Perhaps Meyer will get bored by all of this and scamper off to the NFL. Or perhaps he'll be lured to Notre Dame, his "dream job," and restore the Irish to national prominence.

Whatever is in his future, know this: It's good being Urban Meyer, college football's coaching king.

The top 30 coaches:

1. Urban Meyer, Florida. Two BCS titles in three seasons, with another in his sights.

2. Bob Stoops, Oklahoma. No coach can match his four BCS title game appearances.

3. Nick Saban, Alabama. First, he made LSU a national power. Now, Saban has Alabama poised to be the nation's top program.

4. Pete Carroll, USC. No program dominates its conference more. The only thing missing? More BCS titles.

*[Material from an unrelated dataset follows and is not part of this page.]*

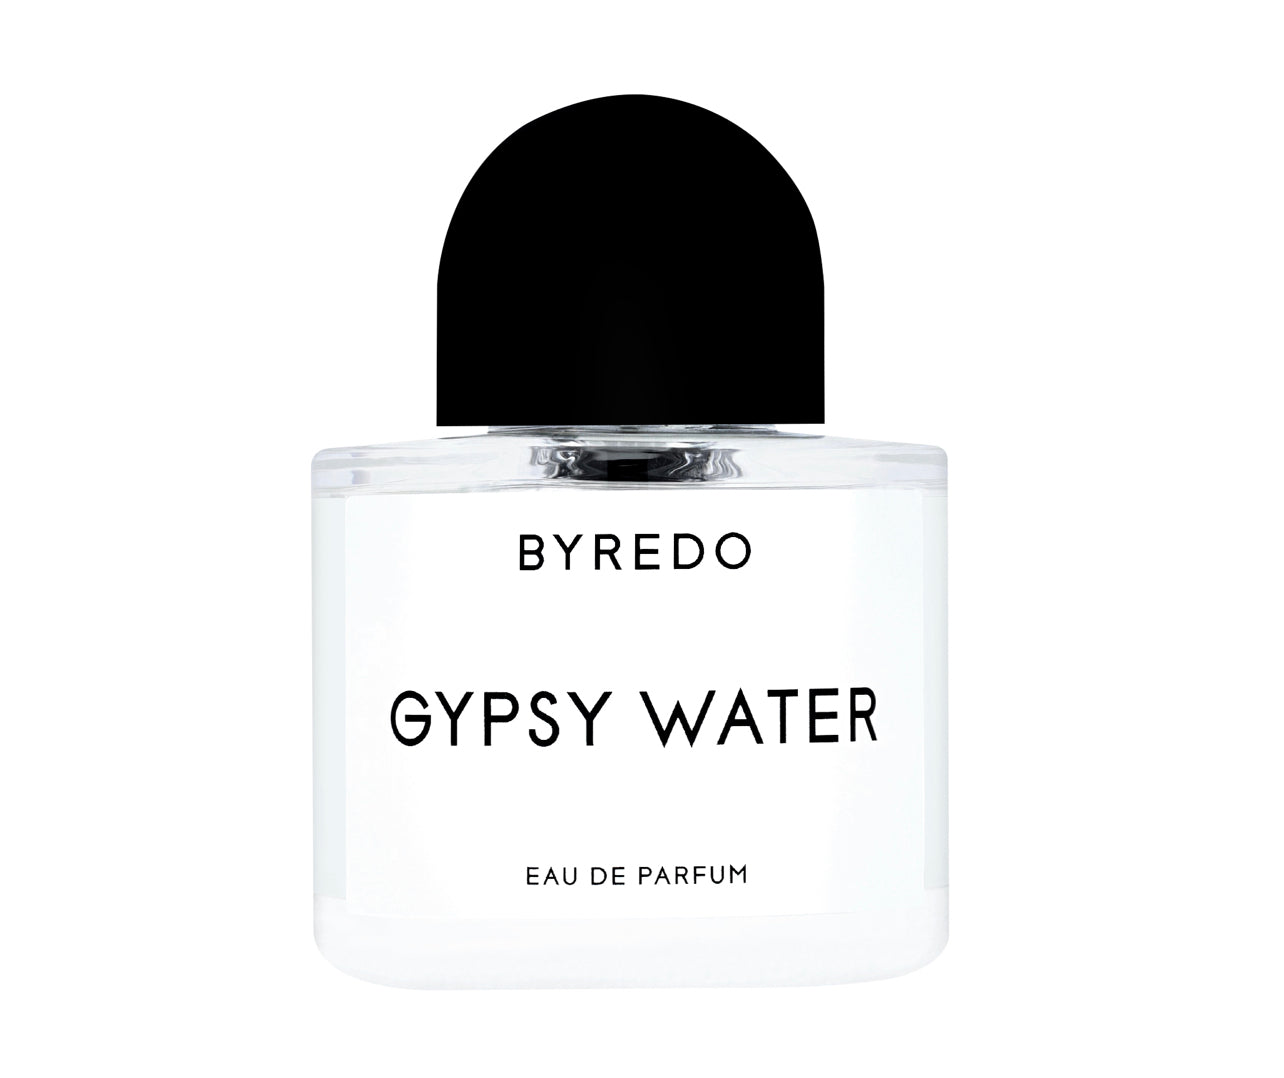 Byredo Gypsy Water Eau De Parfum Samples

5. Kirk Ferentz, Iowa. He has won big despite talent that annually ranks no better than fourth in the Big Ten each season.

6. Mack Brown, Texas. To whom much is given, much is expected. And Brown has delivered.

7. Jim Grobe, Wake Forest. Honestly, if this guy were coaching at, say, Texas, how many national titles would he have?

8. Brian Kelly, Cincinnati. He was at his best last fall, tiptoeing around myriad quarterback injuries to lead the Bearcats to the Big East title.

9. Frank Beamer, Virginia Tech. He took a simple idea of building a program around defense and special teams -- and "Beamerball" -- and created a perennial power.

10. Mark Richt, Georgia. His résumé only lacks a national title. And you know one is coming.

11. Rich Rodriguez, Michigan. Not only has he won big, RichRod has helped change the sport with his offense.

12. Mike Riley, Oregon State. He is proof that nice guys don't finish last ... and that you can go home again.

13. Jim Tressel, Ohio State. Is he the best coach in Buckeyes history?

14. Tom O'Brien, N.C. State. He's a throwback coach who wins with toughness, discipline and lots of smarts.

15. Joe Paterno, Penn State. Perhaps his best trait at this stage of his career is knowing how to delegate.

16. Kyle Whittingham, Utah. He has taken what Urban Meyer built and made it better.

17. Houston Nutt, Ole Miss. He's an underrated offensive mind who has a knack for getting players to reach their potential.

18. Gary Patterson, TCU. He's a defensive mastermind whose program is every bit as good as most in the Big 12.

19. Mark Mangino, Kansas. He has done the seemingly impossible by making Jayhawks football a nationally respected program.

20. Randy Edsall, Connecticut. There isn't a more underrated coach in the nation than Edsall, a smart taskmaster who finds ways to win.

21. Steve Spurrier, South Carolina. He has lost some luster, but Spurrier still is an offensive genius.

22. Mike Leach, Texas Tech. Perhaps no coach means more to his school than Leach, whose offenses have revolutionized the sport.

23. Greg Schiano, Rutgers. He inherited one of the worst programs in America and made it into a likeness of himself -- strong, tough and good.

24. Jeff Tedford, California. The offensive wiz has done everything but lead the Golden Bears to the Pac-10 championship.

25. Dennis Erickson, Arizona State. Erickson, who has won two national titles, yearns to finish his career with a bang.

26. Gary Pinkel, Missouri. It was just a matter of time before he imposed his iron will on this program, as he did at Toledo.

27. Jim Leavitt, USF. He has built something out of nothing, making USF a Big East power.

28. Les Miles, LSU. The "Hat" has done enough to prove he belongs among the nation's elite.

29. Chris Petersen, Boise State. The cerebral Petersen understands how to find talent to fit his schemes.

30. Paul Johnson, Georgia Tech. He's about ready to change the way we thought teams could win in big-time football.